-------- Input data

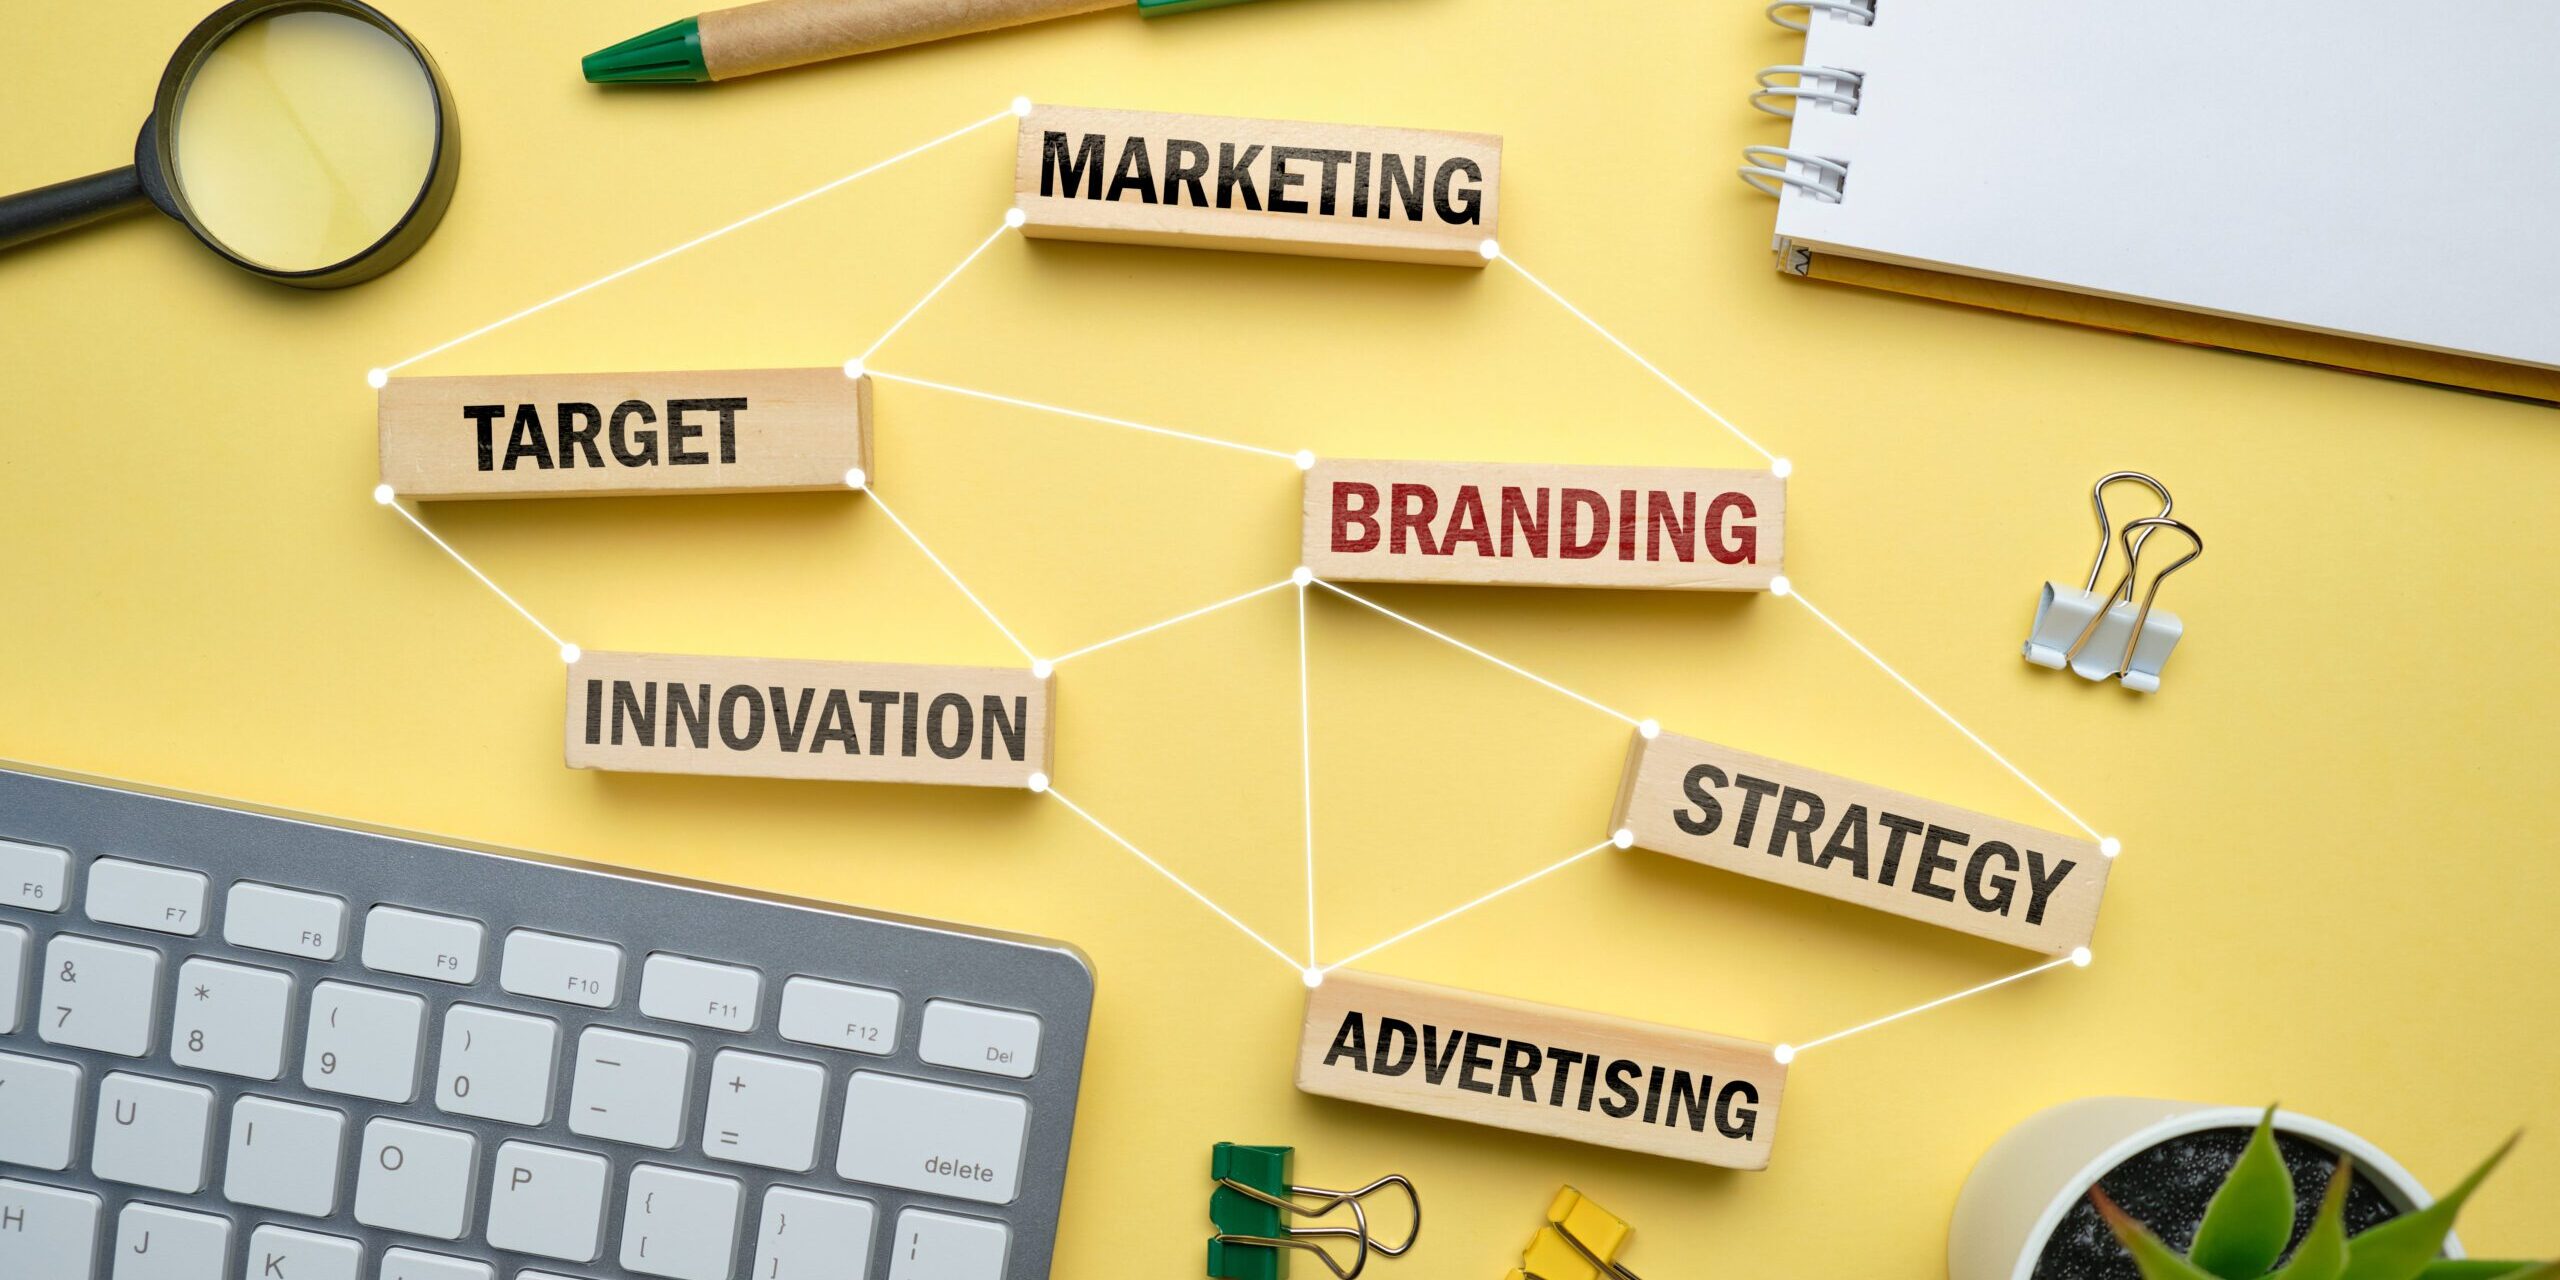 What is individual branding? Definition and examples
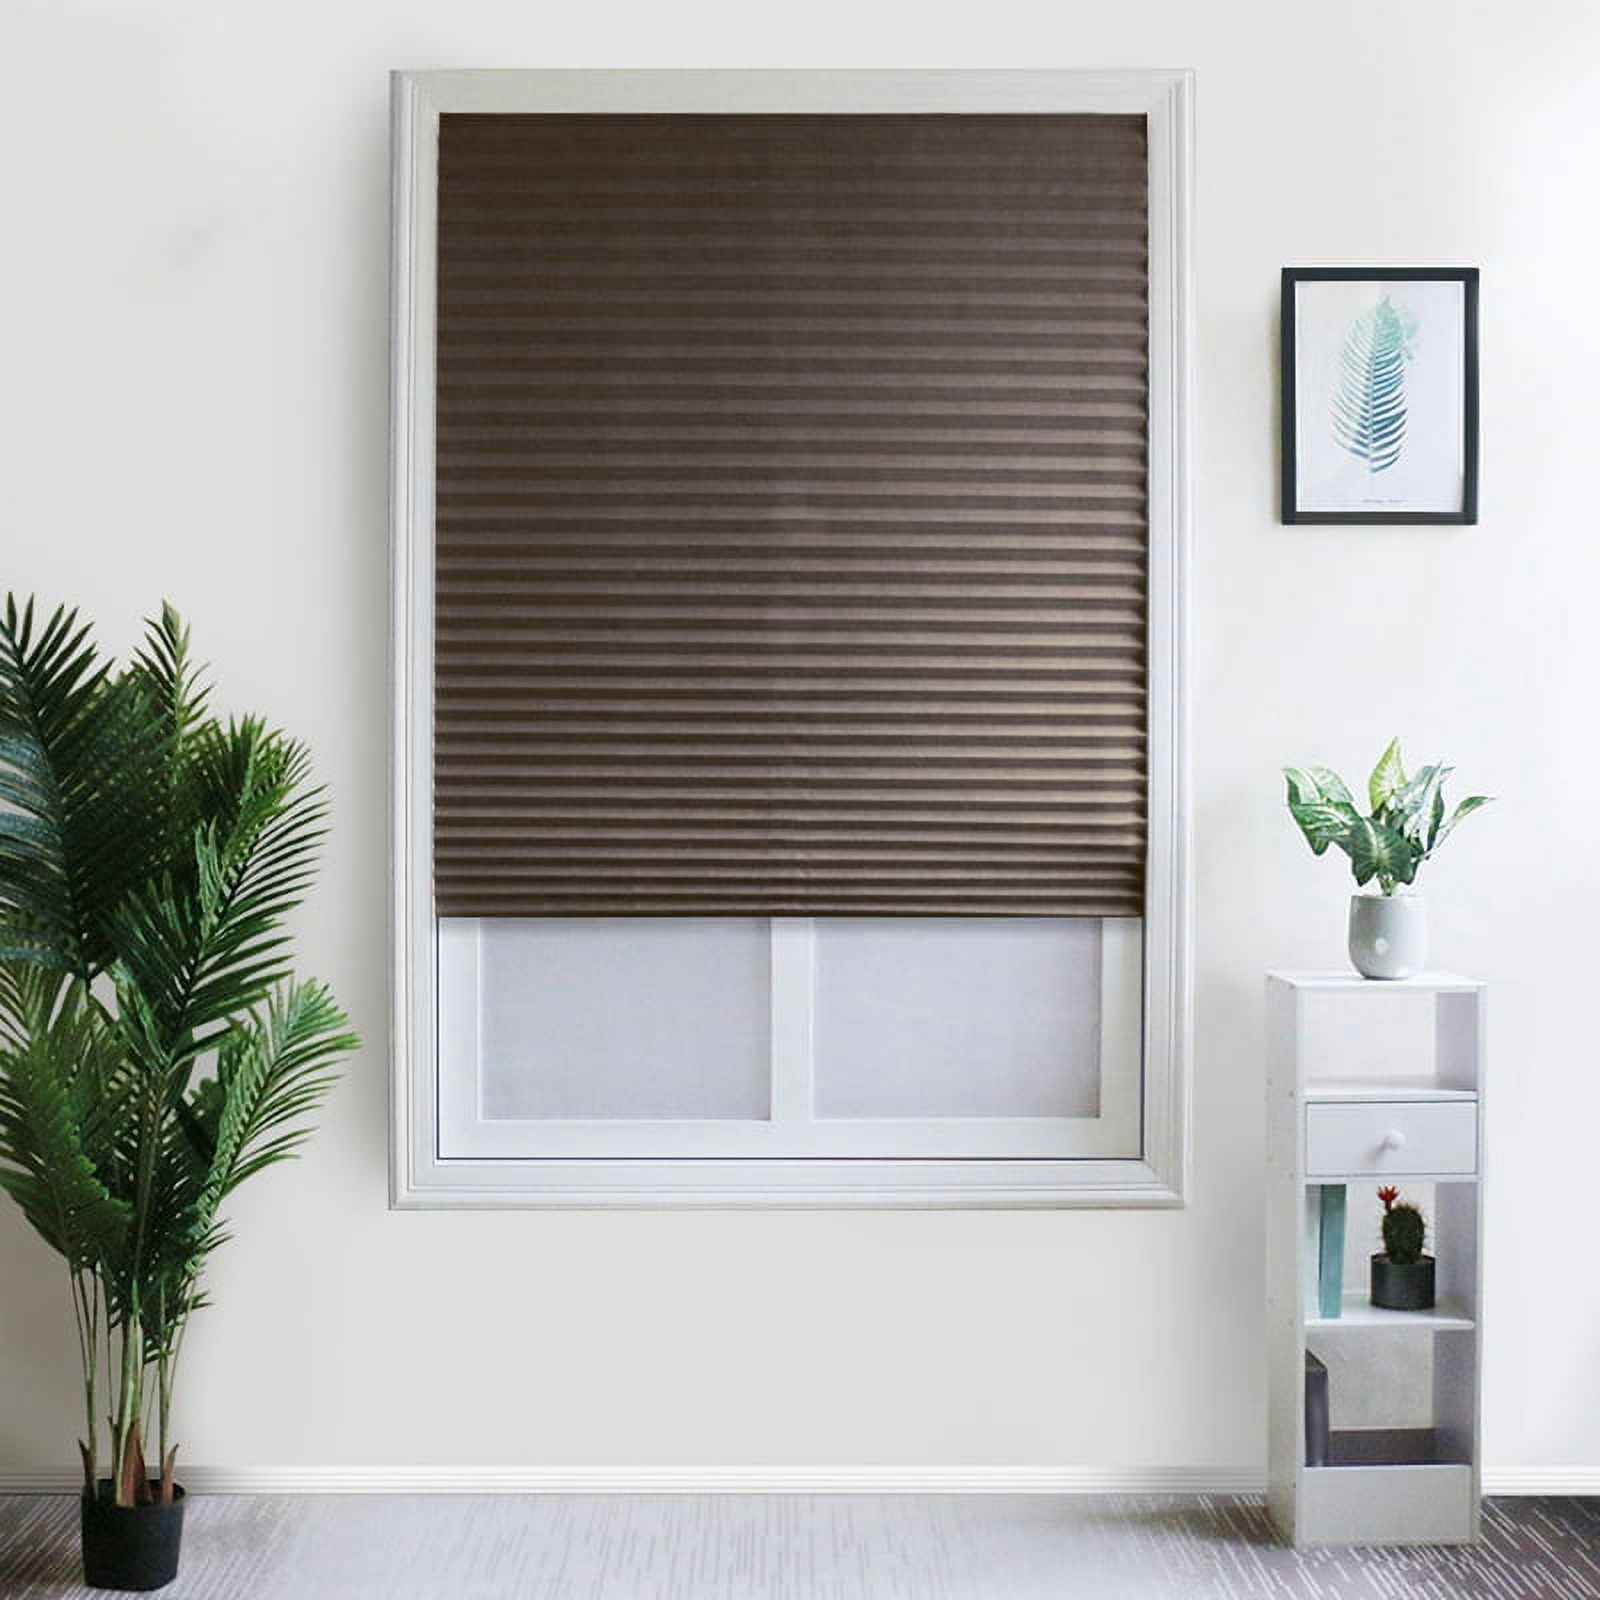  MYshade Blackout Roller Shades for Indoor Windows, Cordless  Roller Window Shades for Door, Roll Up Room Darkening Window Blinds for  Home and Office Easy to Install 31 inch Wide, 72 inch
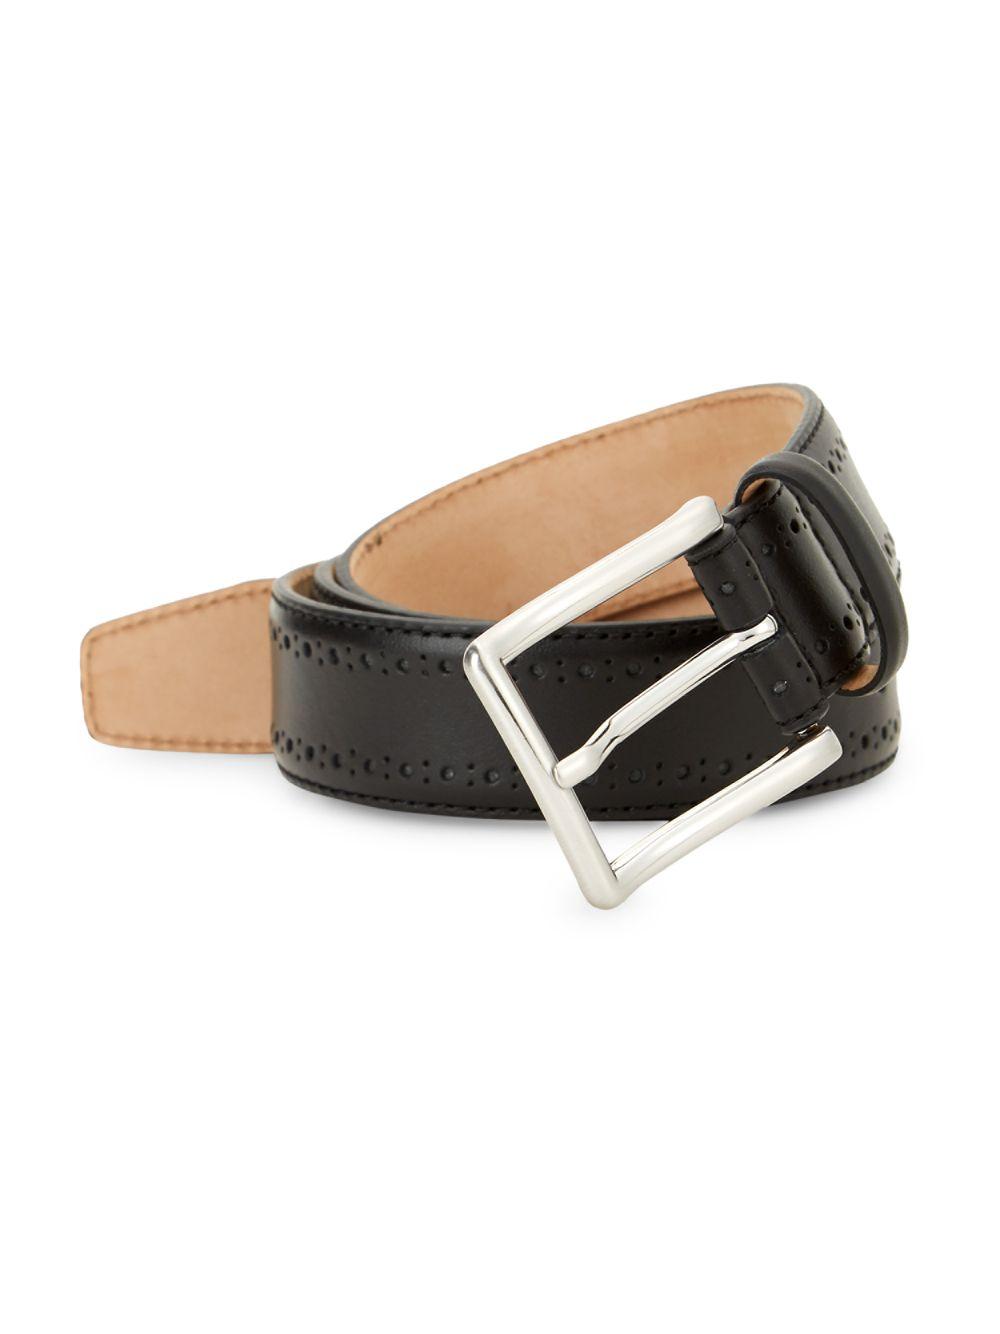 Saks Fifth Avenue Classic Leather Belt in Black for Men - Lyst

----------------

**Required action**
Starting at the line with "MYshade Blackout Roller" and stopping at the final line of the material, reproduce each line exactly, both ends included. Leave the pictures out.

**Output of the task**
  MYshade Blackout Roller Shades for Indoor Windows, Cordless  Roller Window Shades for Door, Roll Up Room Darkening Window Blinds for  Home and Office Easy to Install 31 inch Wide, 72 inch
 Saks Fifth Avenue Classic Leather Belt in Black for Men - Lyst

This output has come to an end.